== AVAILABLE RECORDS
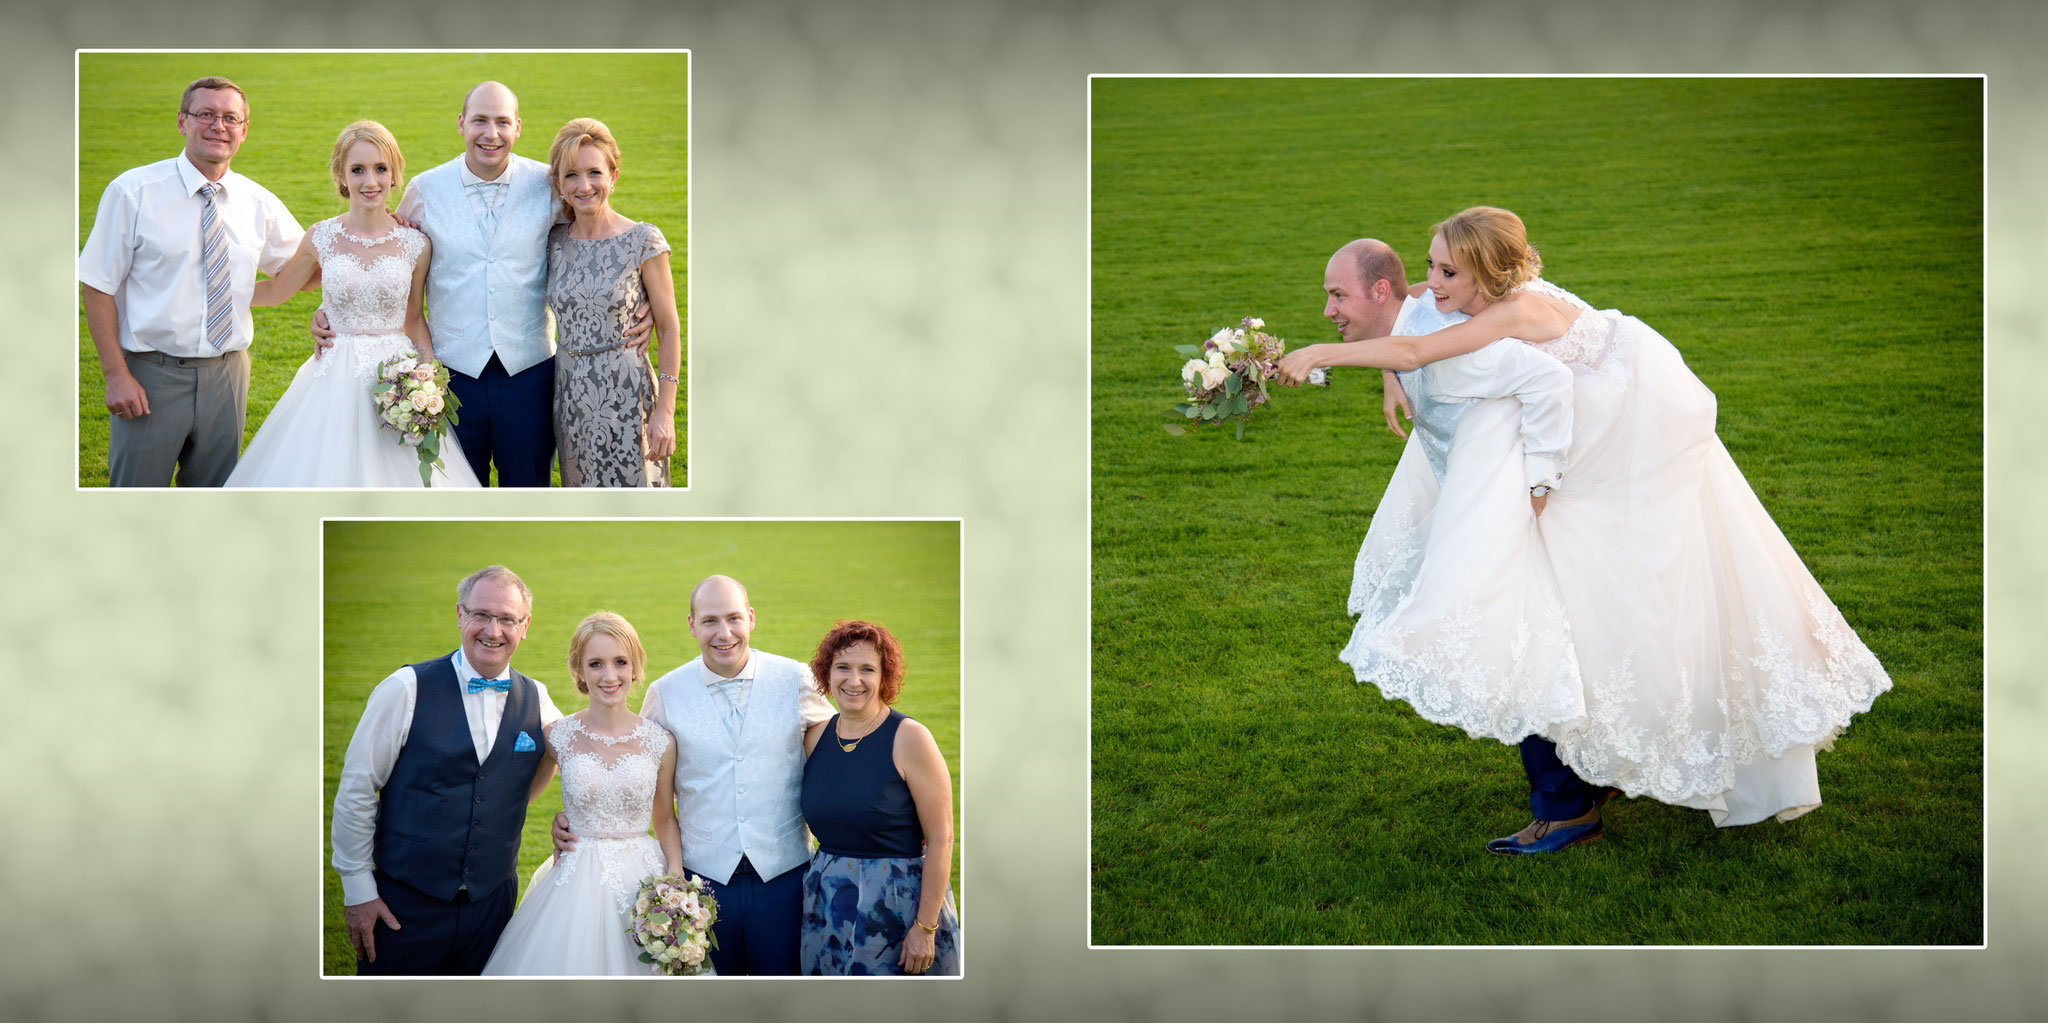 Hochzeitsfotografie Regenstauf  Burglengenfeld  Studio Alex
====
== AVAILABLE RECORDS
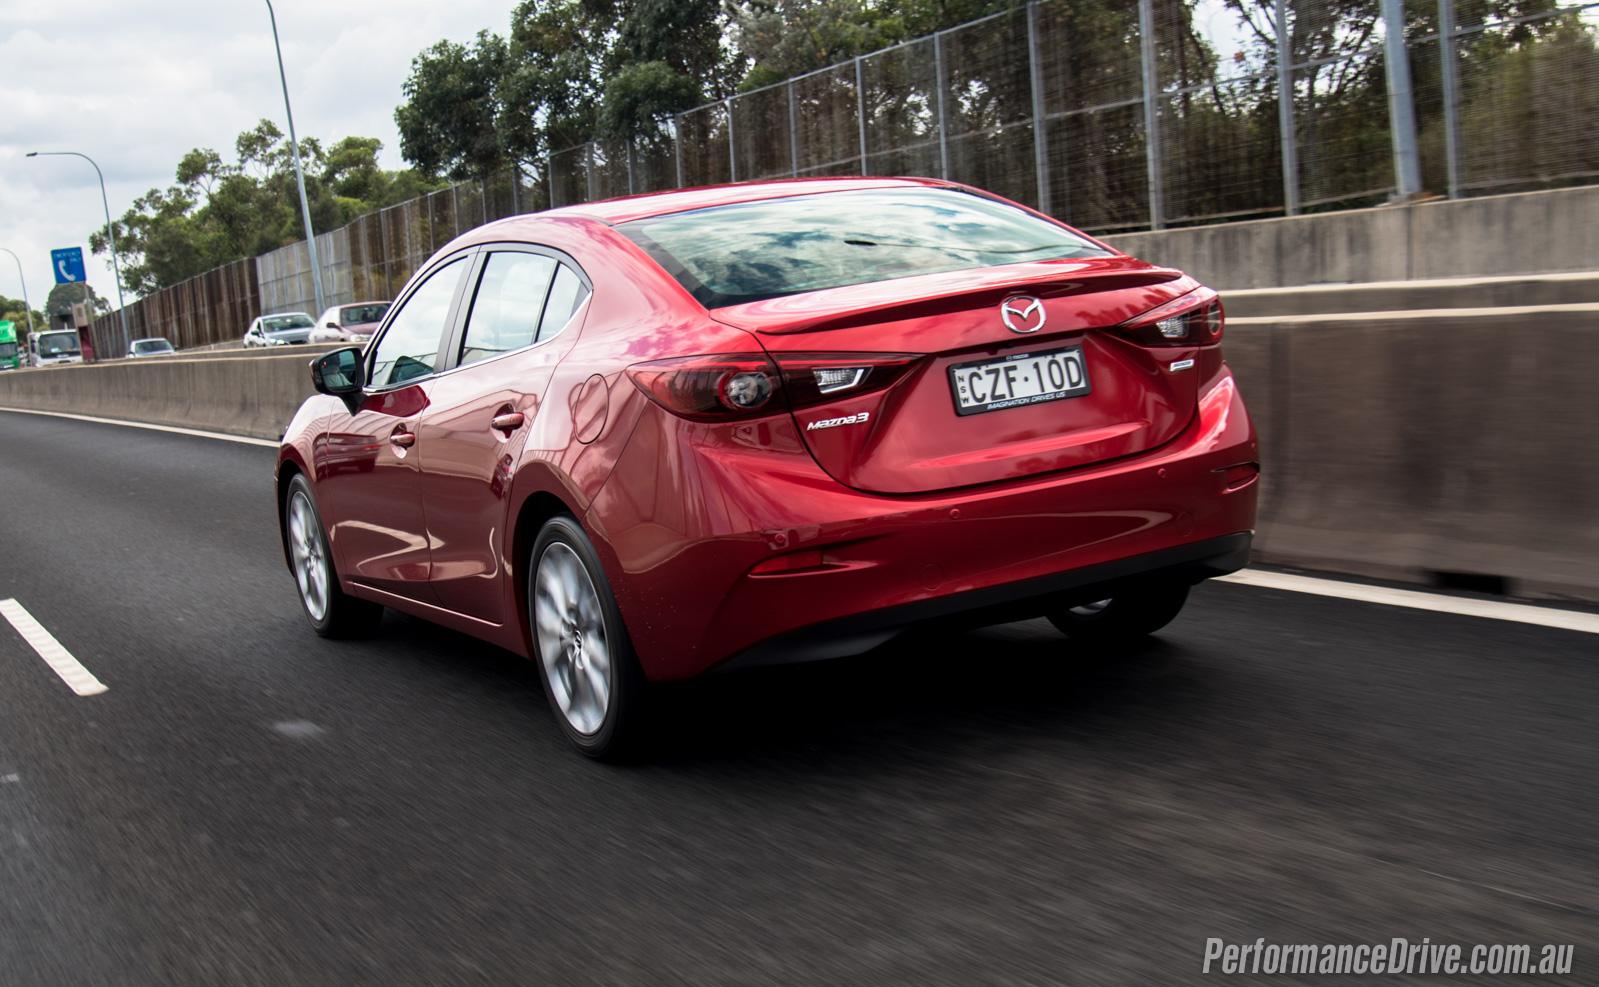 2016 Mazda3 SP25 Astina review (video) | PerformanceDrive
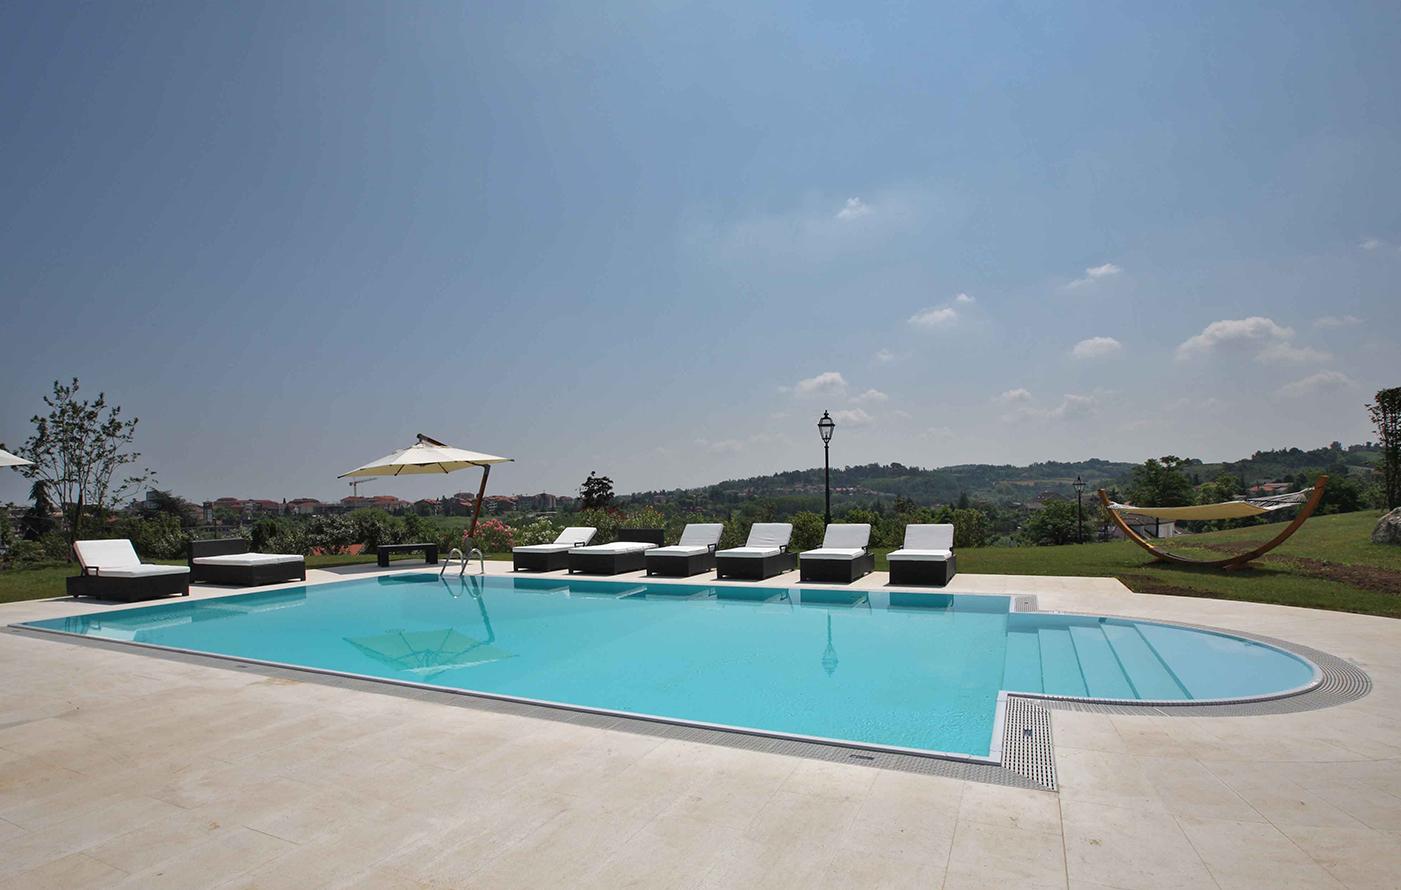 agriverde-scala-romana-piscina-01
====
== AVAILABLE RECORDS
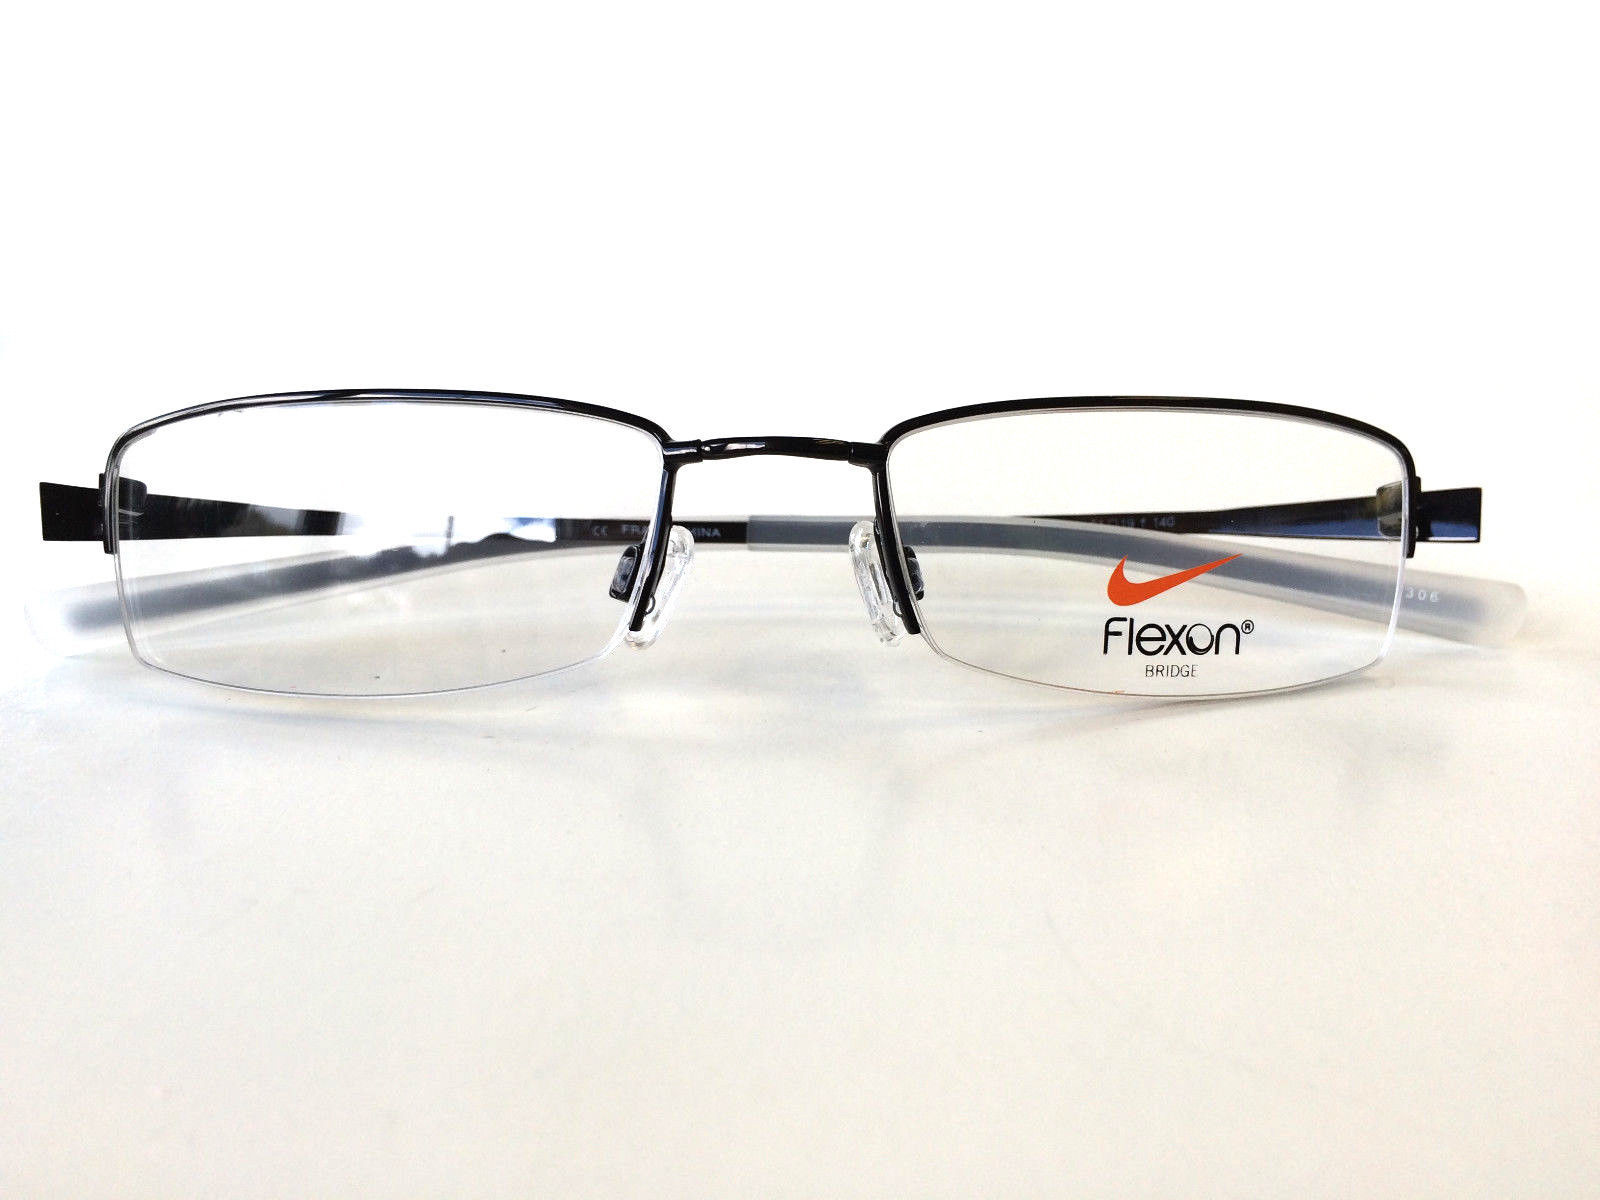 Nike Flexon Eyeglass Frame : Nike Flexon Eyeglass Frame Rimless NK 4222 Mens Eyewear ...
====
Everything from the line with "2016 Mazda3 SP25" down to the line with "agriverde-scala-romana-piscina-01" in the data above should be copied exactly, with both end lines kept and the pictures left out.

RESPONSE TO THE TASK
 2016 Mazda3 SP25 Astina review (video) | PerformanceDrive
 agriverde-scala-romana-piscina-01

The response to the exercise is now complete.